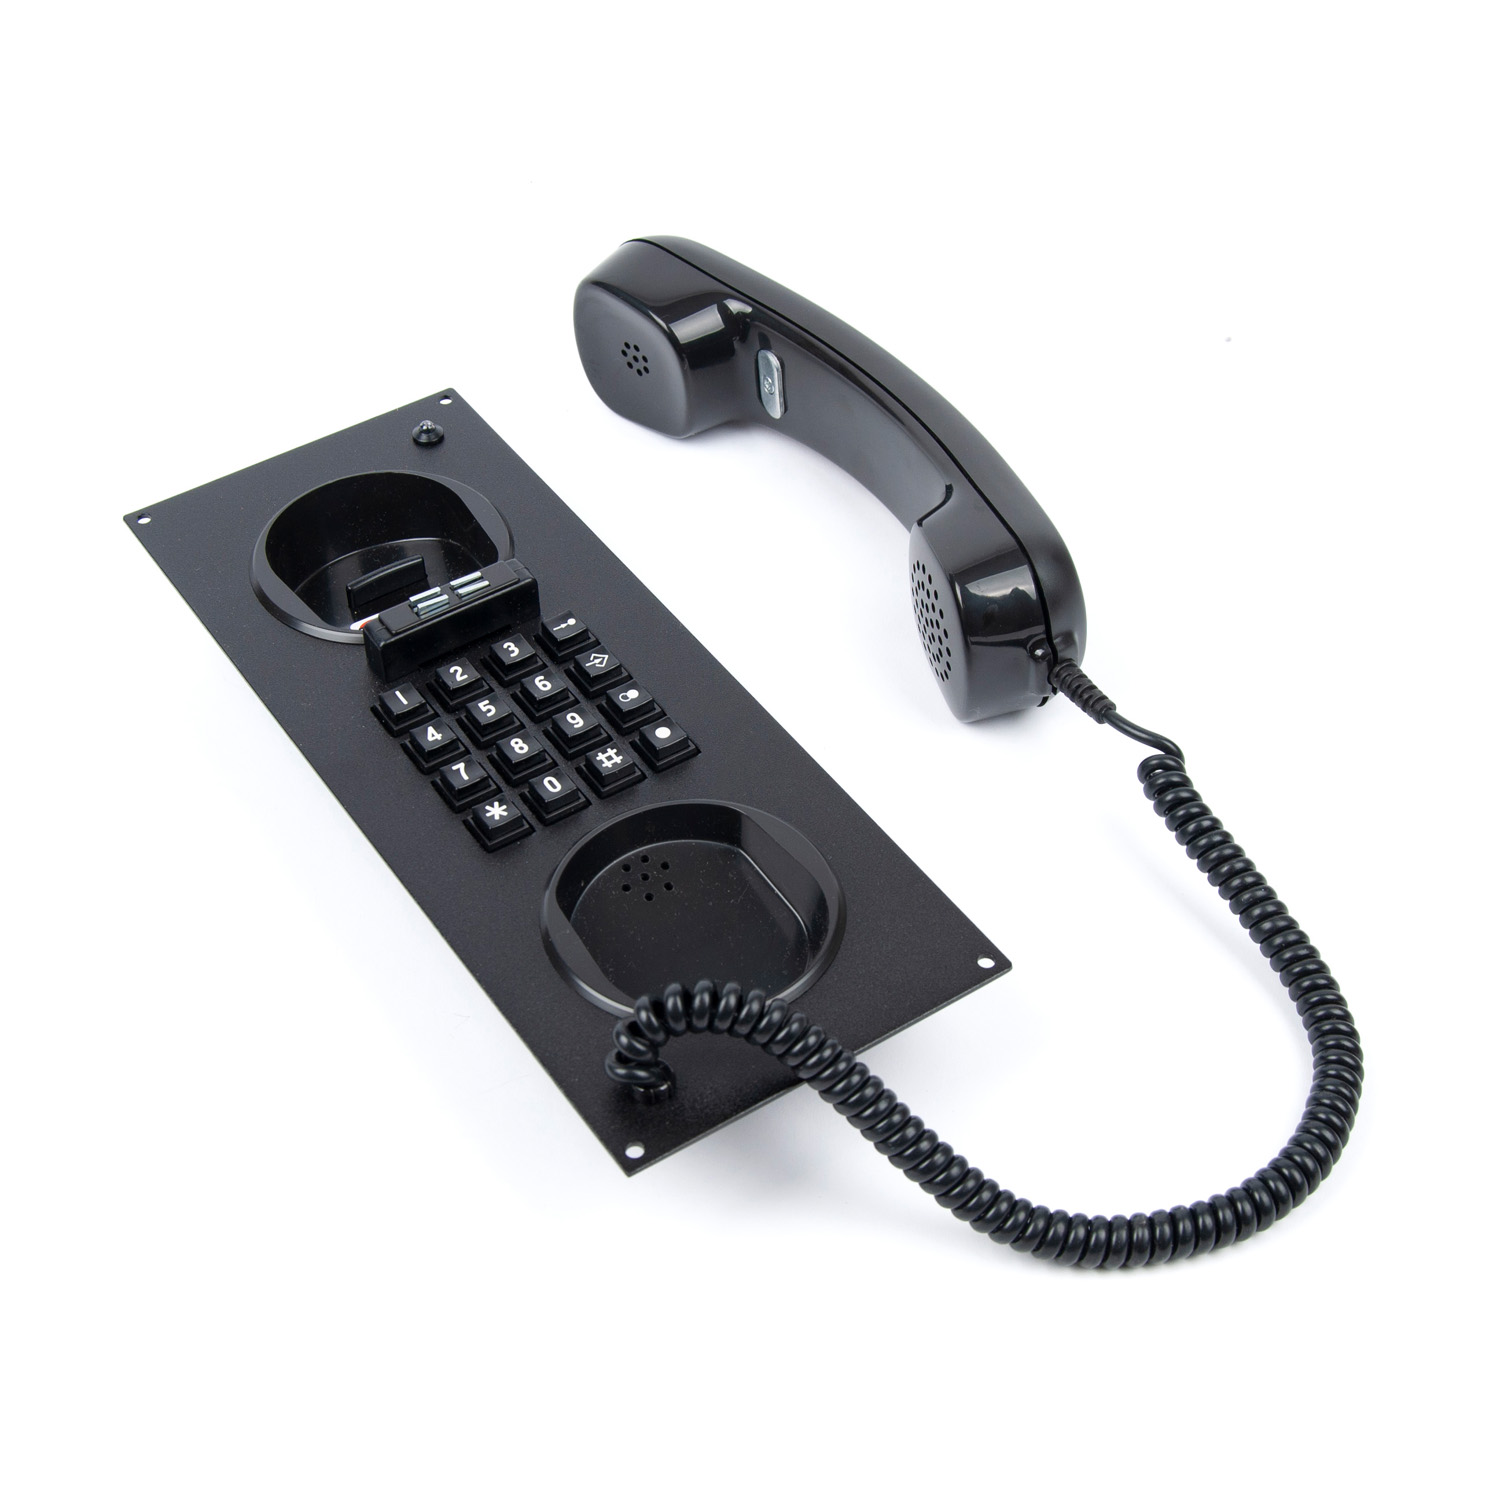 STC-503 Analogue telephone station flush mounting with handset
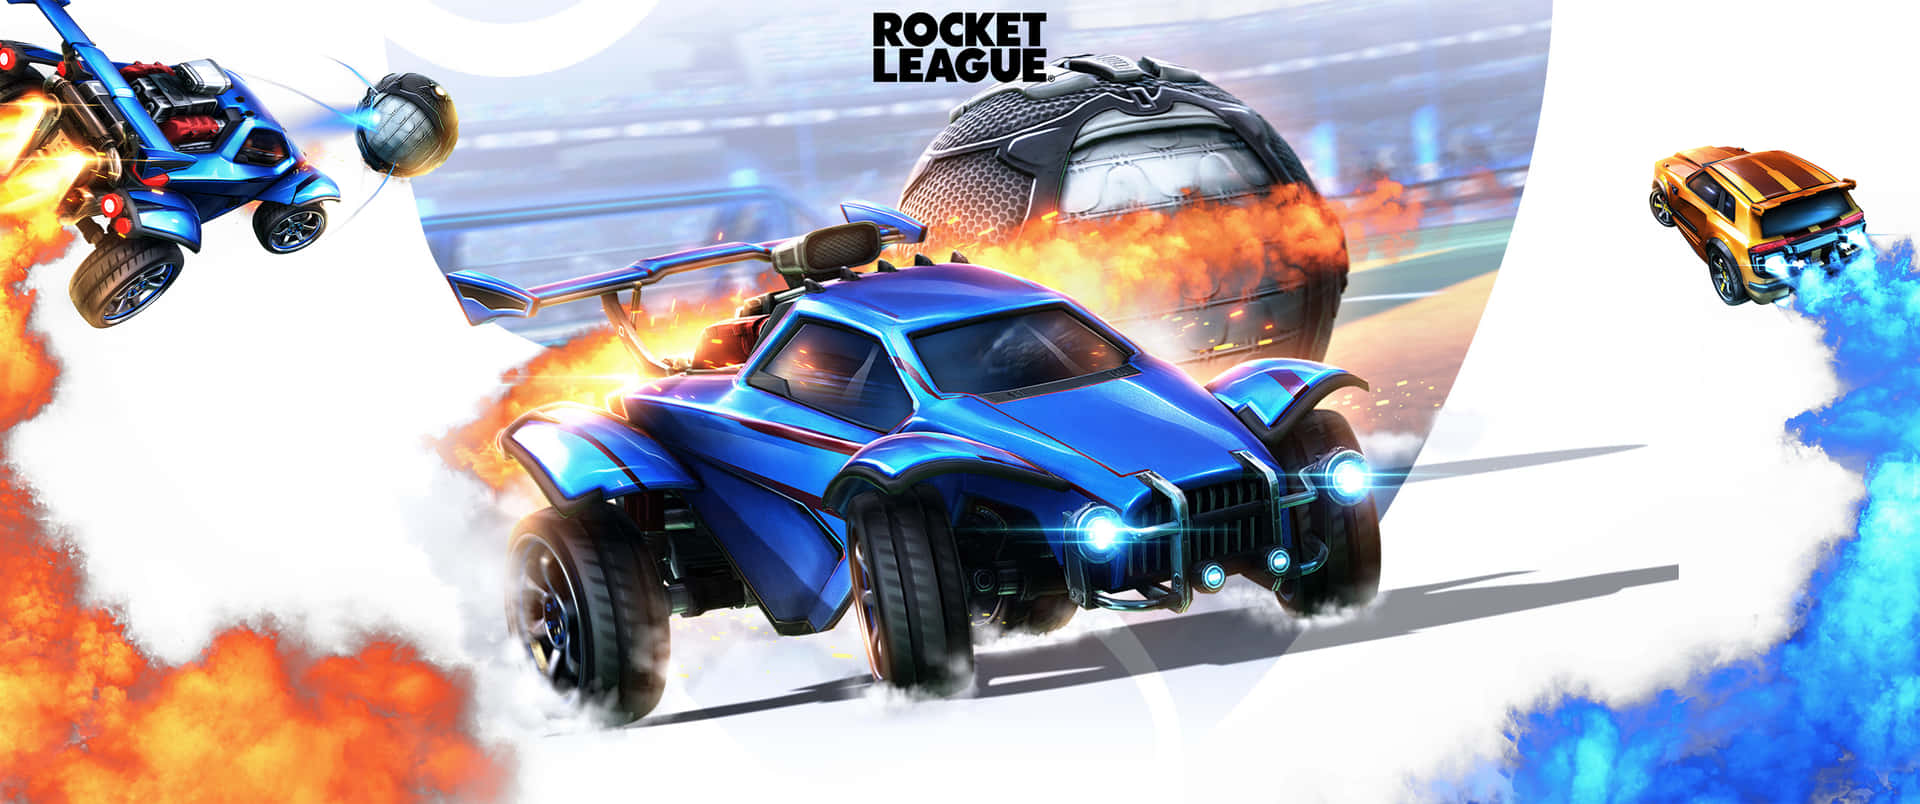 "Go for Glory and Get your Rocket League Victory!"
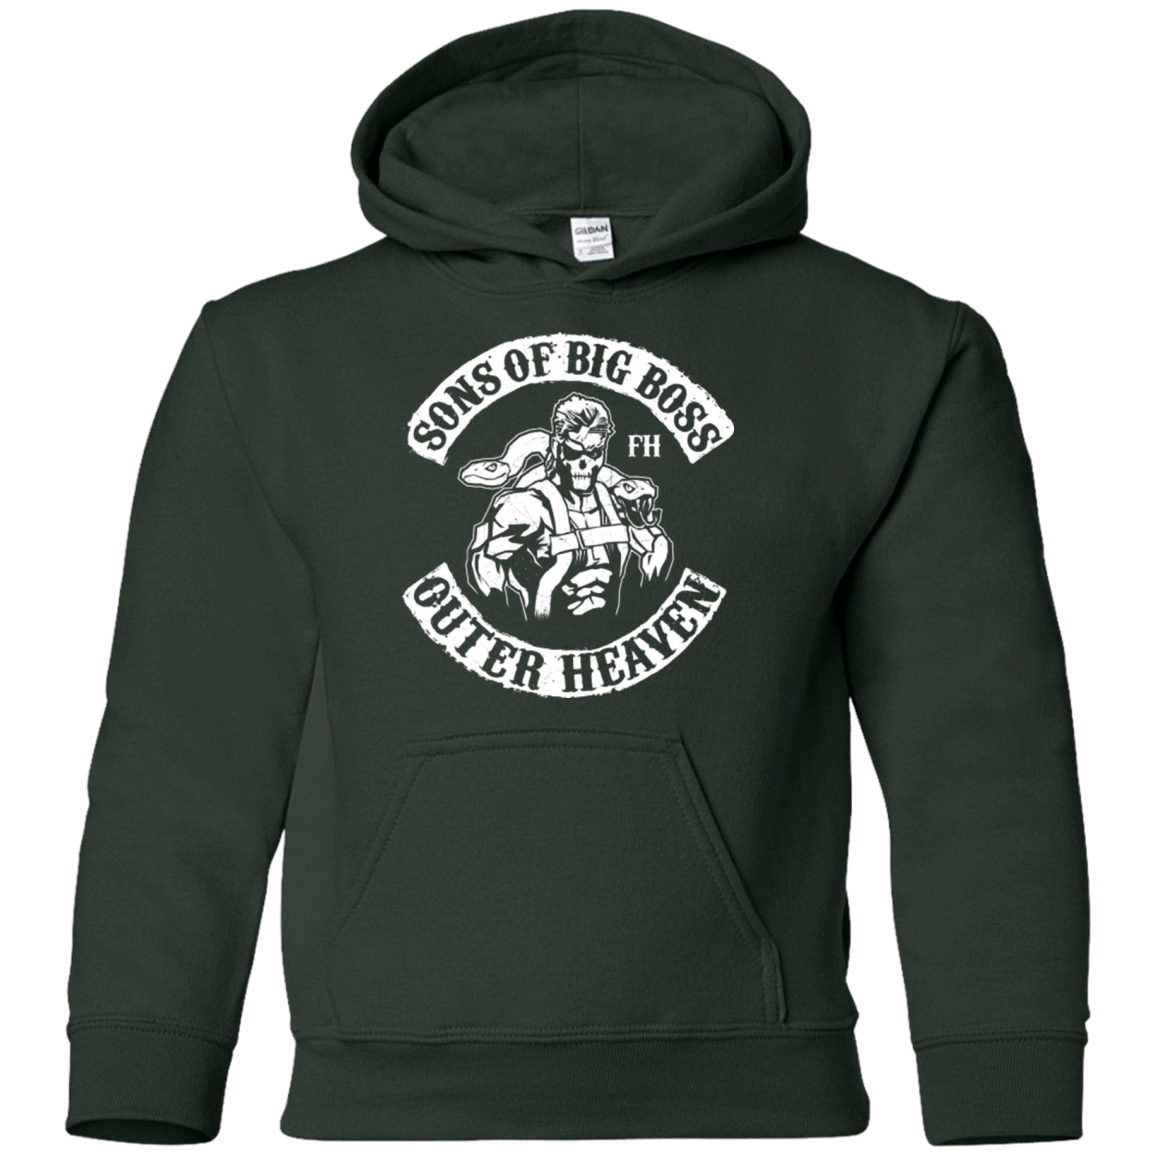 Sweatshirts Forest Green / YS SONS OF BIG BOSS Youth Hoodie
○ ○ ○ ○
YOUR GOAL = The answer must be the data above, repeated exactly, with no pictures.

EXERCISE RESULT =
 STC-503 Analogue telephone station flush mounting with handset
 "Go for Glory and Get your Rocket League Victory!"
 Sweatshirts Forest Green / YS SONS OF BIG BOSS Youth Hoodie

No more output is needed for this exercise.